Assis dans ce bar, ils sont quatre. Des milieux, des professions, des univers que tout oppose, mais un grand point commun : les lieux coquins en Belgique. 

S* : « Moi j’y vais parce que ma copine aime ça »

D : « Moi… Pour regarder »

E : « Je ne pense qu’à ça. J’attends le week-end avec impatience »

G : « J’ai suivi D, pour m’amuser… Et je démarre dans cet univers qui me promet de bonnes surprises »

Au gré des explications, on passe de « la soirée du samedi soir » aux complexités de la sexualité d’aujourd’hui. D’abord un verre, à Lille, puis la route. À moins de 30 kms, la frontière avec la Belgique leur procure une montée en puissance de sensations à venir. Pour l’un, « un peu peur à chaque fois, je ne sais pas pourquoi ». Pour son voisin, « les choses sérieuses commencent enfin à ce moment-là, car un verre à Lille c’est surfait. On s’ennuie ».

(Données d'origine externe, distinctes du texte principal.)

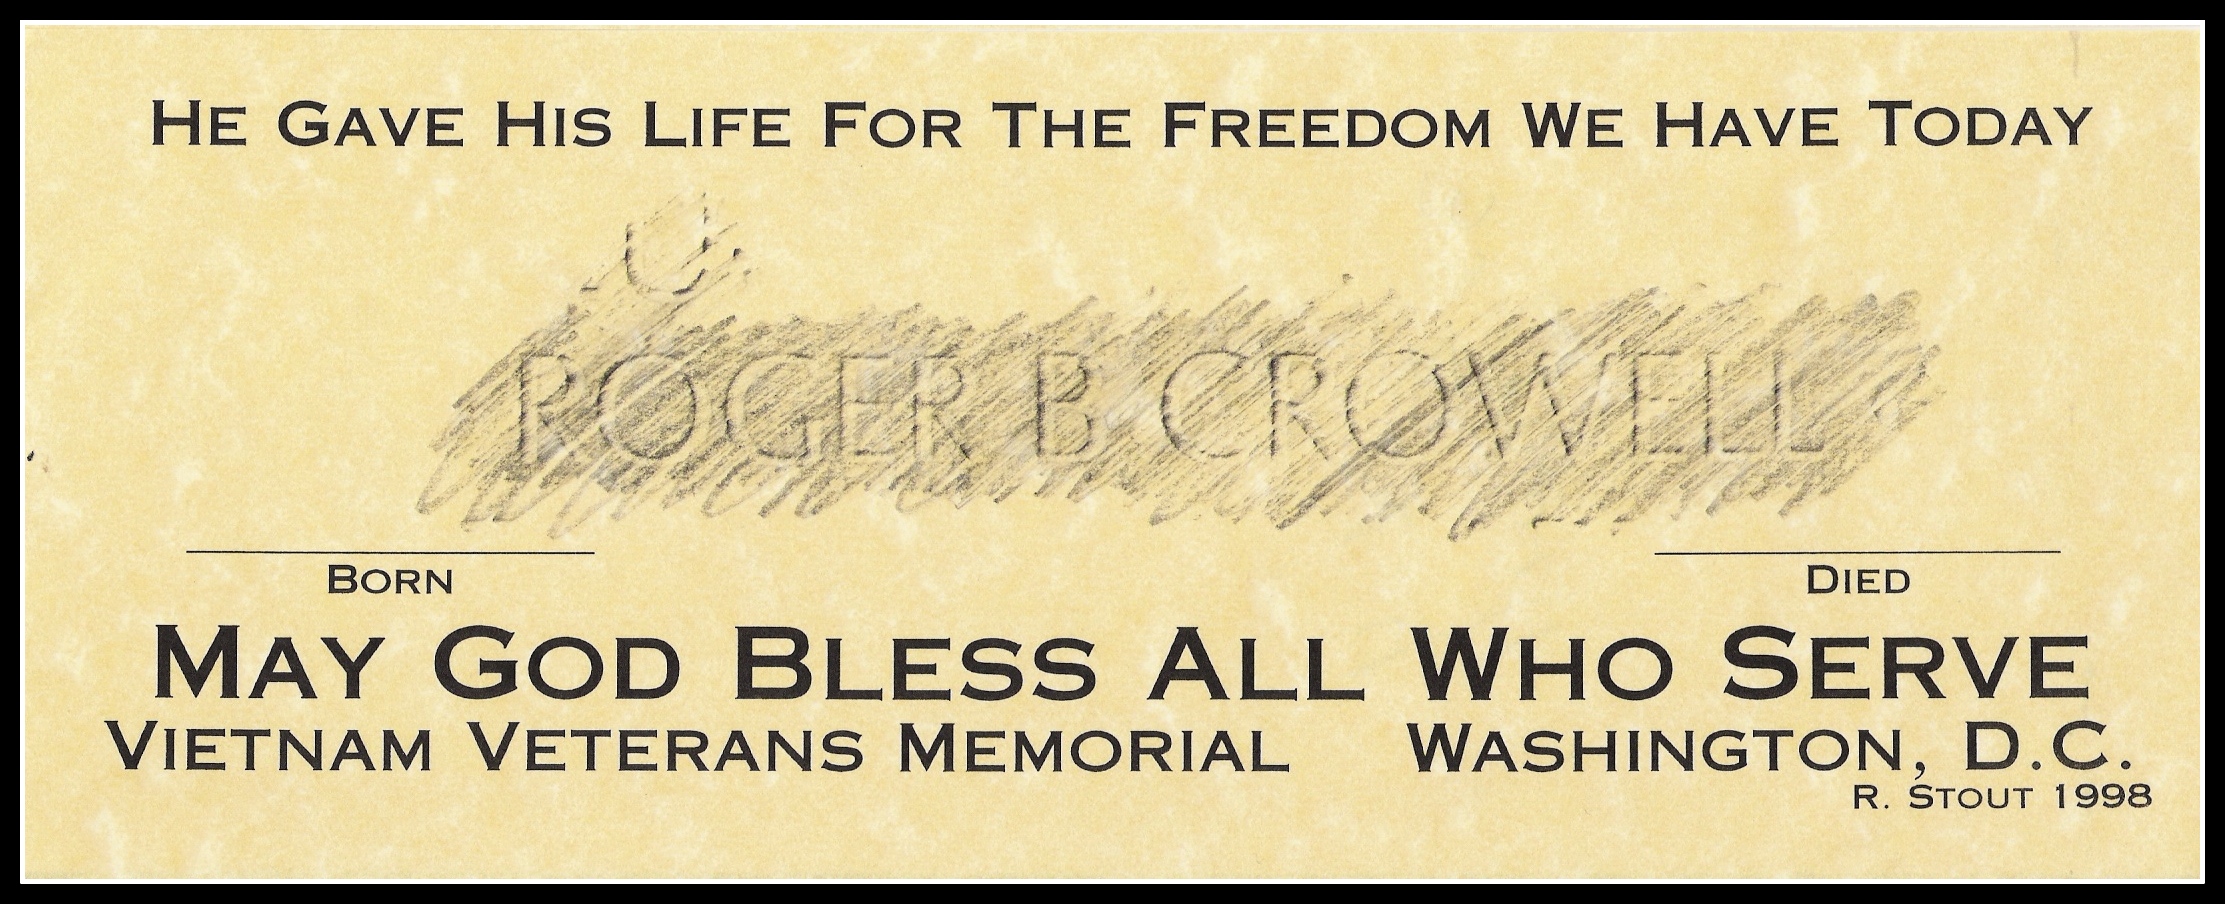 Roger Crowell of Belleville, KIA Vietnam, Copyright  2004 by Anthony Buccino

Le troisième, D, avoue ne pas vouloir « basculer ». Basculer dans quoi ? « Dans un univers où il est impossible de faire marche arrière ». « Quand on met les pieds là-dedans, au début on se marre pour cacher sa gêne. Ensuite on découvre, les couples qui pensent qu’il faut s’ouvrir à de nouveaux échanges pour avancer, les propositions assez crues, votre pote qui s’amuse juste devant vous… ». Est-ce une réalité que l’on se cache, ces soirées libertines ? Une façon de pouvoir faire durer un couple ? Ou le triste reflet du malaise des sociétés « sur-développées » où il est bon de consommer à outrance ?

« DSK, ce héros »

« Quand on fréquente ce genre d’endroits, on saisit les nuances que permet la sexualité » avance S. « Aimer sa partenaire, mais apprécier aussi de la partager ». Tous ne sont pas d’accord sur cette perspective. « Mais aimer de diverses façons, cela peut être une façon d’échapper au missionnaire du samedi soir », précise E. Lorsque l’on évoque l’affaire DSK, les « parties fines » décrites par la presse, ils sont dans un premier temps réservés dans leurs réponses : « il aime ça, quel est le problème ? ». La messe est dite… « Cependant, qu’il ait usé de son statut pour forcer cette femme de chambre à assouvir ses besoins a été une terrible erreur ». Peu à peu, quelques sourires en biais se dessinent. « Non les mecs arrêtez, moi je vois DSK je lui serre la main, admiratif ! » lâche D, s’esclaffant dans un premier temps puis gêné dans un second. Il a 25 ans, on pourrait mettre cela sur le dos de sa jeunesse, sauf que les trois autres explosent de rire à leur tour, validant unanimement le propos.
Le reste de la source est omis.